前几天有写到整合并发结果的文章,于是联想到了Fork/Join。因为在我看来整合并发结果其实就是Fork/Join中的Join步骤。所以今天我就把自己对Fork/Join一些浅显的理解记录下来。
1. Fork/Join是什么
Oracle的官方给出的定义是:Fork/Join框架是一个实现了ExecutorService接口的多线程处理器。它可以把一个大的任务划分为若干个小的任务并发执行,充分利用可用的资源,进而提高应用的执行效率。
Fork/Join实现了ExecutorService,所以它的任务也需要放在线程池中执行。它的不同在于它使用了工作窃取算法,空闲的线程可以从满负荷的线程中窃取任务来帮忙执行。(我个人理解的工作窃取大意就是:由于线程池中的每个线程都有一个队列,而且线程间互不影响。那么线程每次都从自己的任务队列的头部获取一个任务出来执行。如果某个时候一个线程的任务队列空了,而其余的线程任务队列中还有任务,那么这个线程就会从其他线程的任务队列中取一个任务出来帮忙执行。就像偷取了其他人的工作一样)
Fork/Join框架的核心是继承了AbstractExecutorService的ForkJoinPool类,它保证了工作窃取算法和ForkJoinTask的正常工作。
下面是引用Oracle官方定义的原文:
The fork/join framework is an implementation of the ExecutorService interface that helps you take advantage of multiple processors. It is designed for work that can be broken into smaller pieces recursively. The goal is to use all the available processing power to enhance the performance of your application.

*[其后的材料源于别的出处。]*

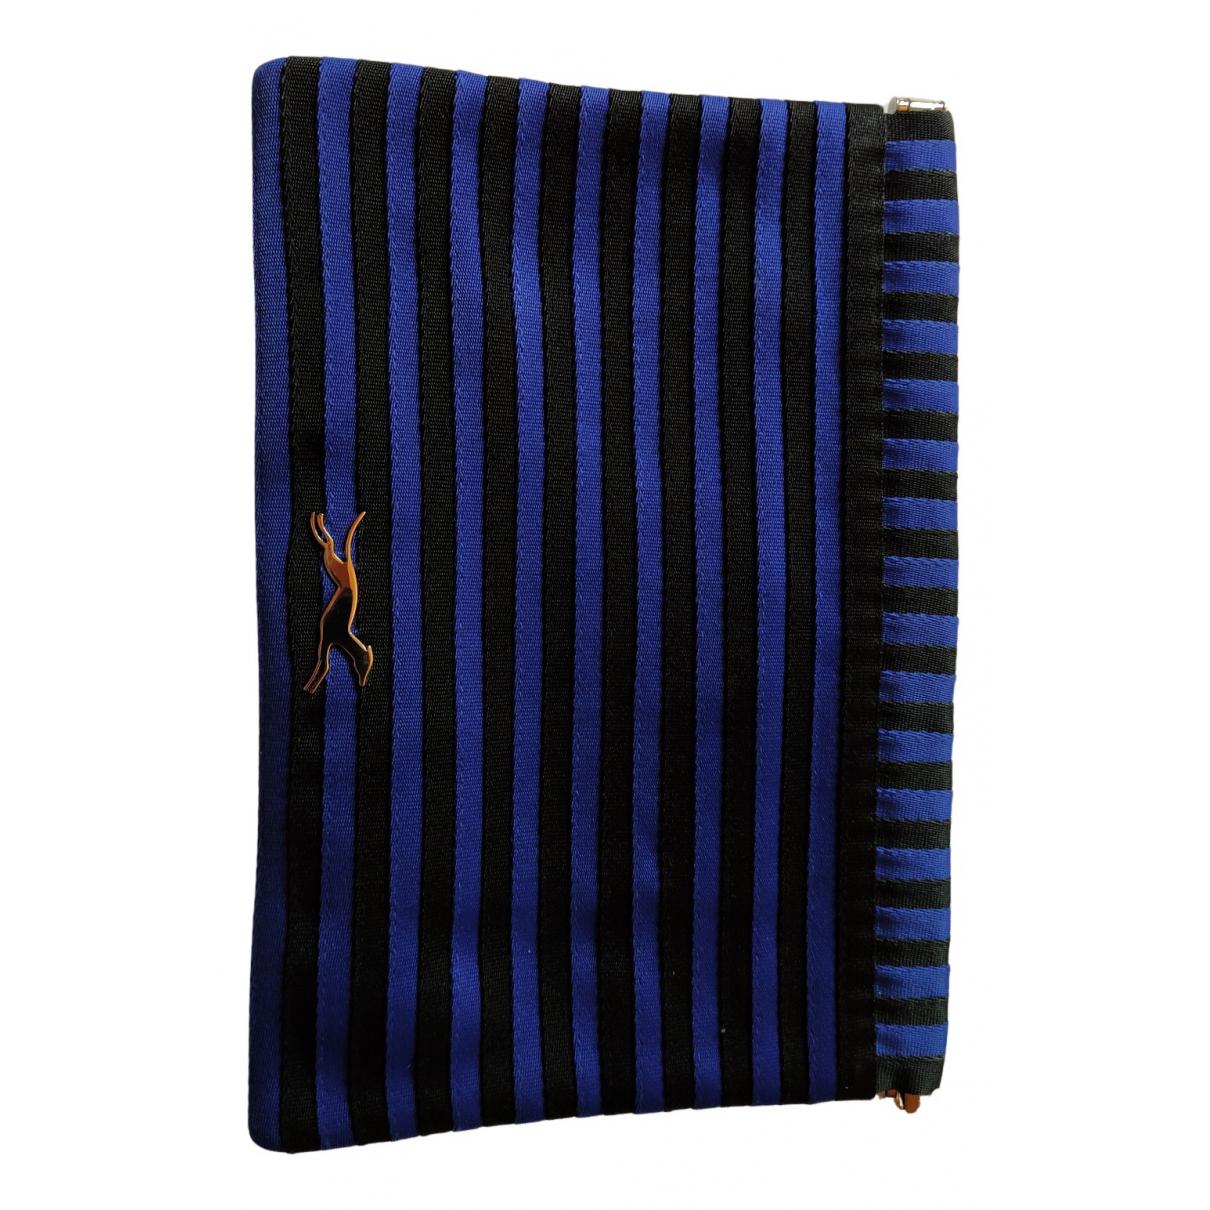 Bimba Y Lola \N Portemonnaie in  Blau Baumwolle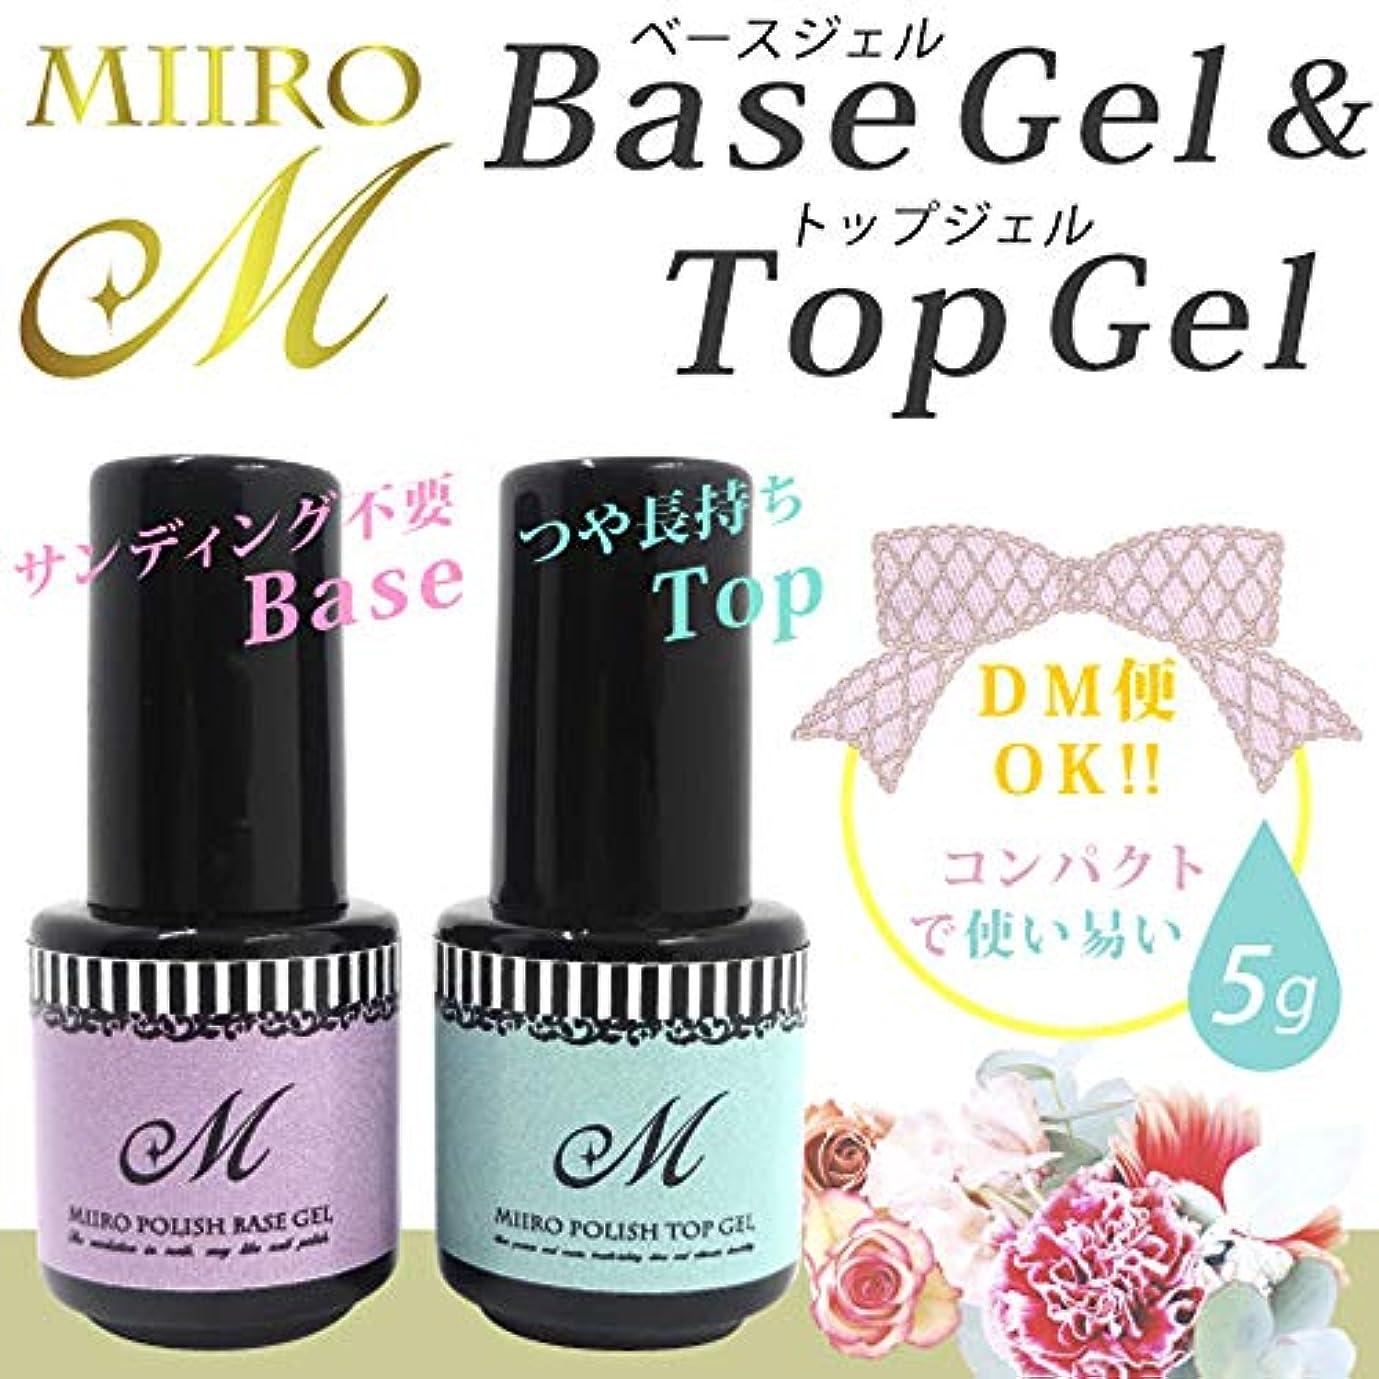 受け皿ファンブル足枷トップ&ベースジェル 美色 Miiro 各5g (ベースジェル)

As with any ExecutorService implementation, the fork/join framework distributes tasks to worker threads in a thread pool. The fork/join framework is distinct because it uses a work-stealing algorithm. Worker threads that run out of things to do can steal tasks from other threads that are still busy.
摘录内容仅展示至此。